The finance ministry borrowed CZK7.4bn through government bonds, according to figures of the CNB. This time, the finance ministry offered bonds with original maturity of 11 and 16 years. Demand was still solid, though less so than at auctions carried out in May. Even then, the average cover ratio reached 2.35, which was again above the usual. It prompted the finance ministry to once again borrow above its indicative ceiling for this auction, set at CZK7bn, though it exceeded it by only 5%.
Even then, borrowing costs decreased visibly, as the 11-year bond saw an 11bp m/m decline, while the 16-year one – a decline of 31bps m/m. Both bonds were last offered in May, so the decrease in borrowing costs is very much relevant. Indeed, the finance ministry didn’t borrow too much this time, which helped with keeping yields low.

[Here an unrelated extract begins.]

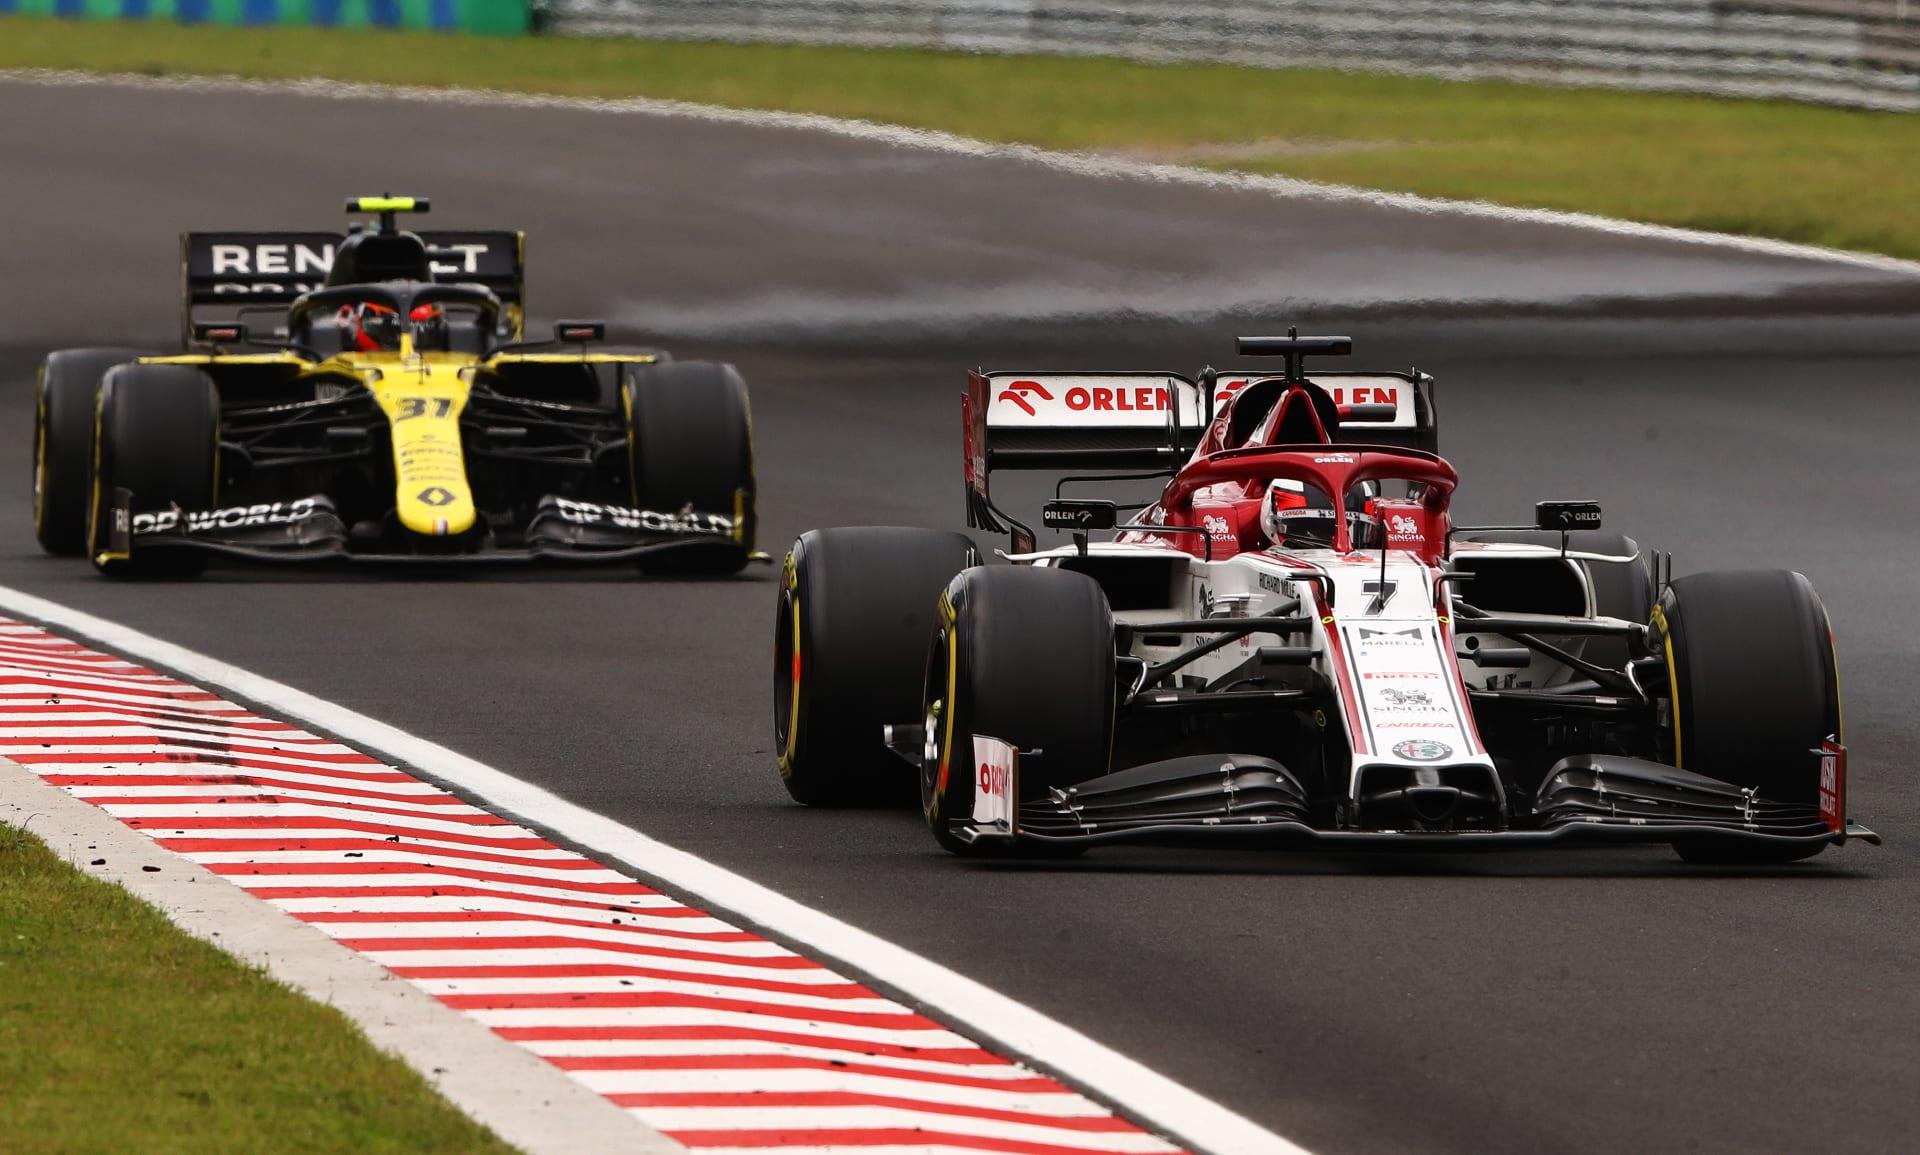 """""""فورمولا 1"""" تلغي سباقاتها في الولايات المتحدة والبرازيل والمكسيك وكندا بسبب تفشي كورونا"""

After this auction, the finance ministry has met 64% of its borrowing ceiling for June, as well as 93% of the borrowing ceiling for Q2 2019 (still at CZK60bn). Since the beginning of the year, the finance ministry has borrowed CZK161.7bn in CZK-denominated securities (48.8% of gross financing needs), out of which CZK159.5bn was in government bonds. When EUR-denominated securities are added, total borrowing reaches CZK173.3bn (52.3% of borrowing needs). There are two more auctions this month, one next Wednesday (Jun 19), when the finance ministry will reopen its 2.5-year EUR-denominated bond, and one in two weeks (Jun 26), when the finance ministry will offer 16-year and 50-year bonds. Given the borrowing ceilings, we expect that the finance ministry will exceed monthly and quarterly borrowing ceilings comfortably.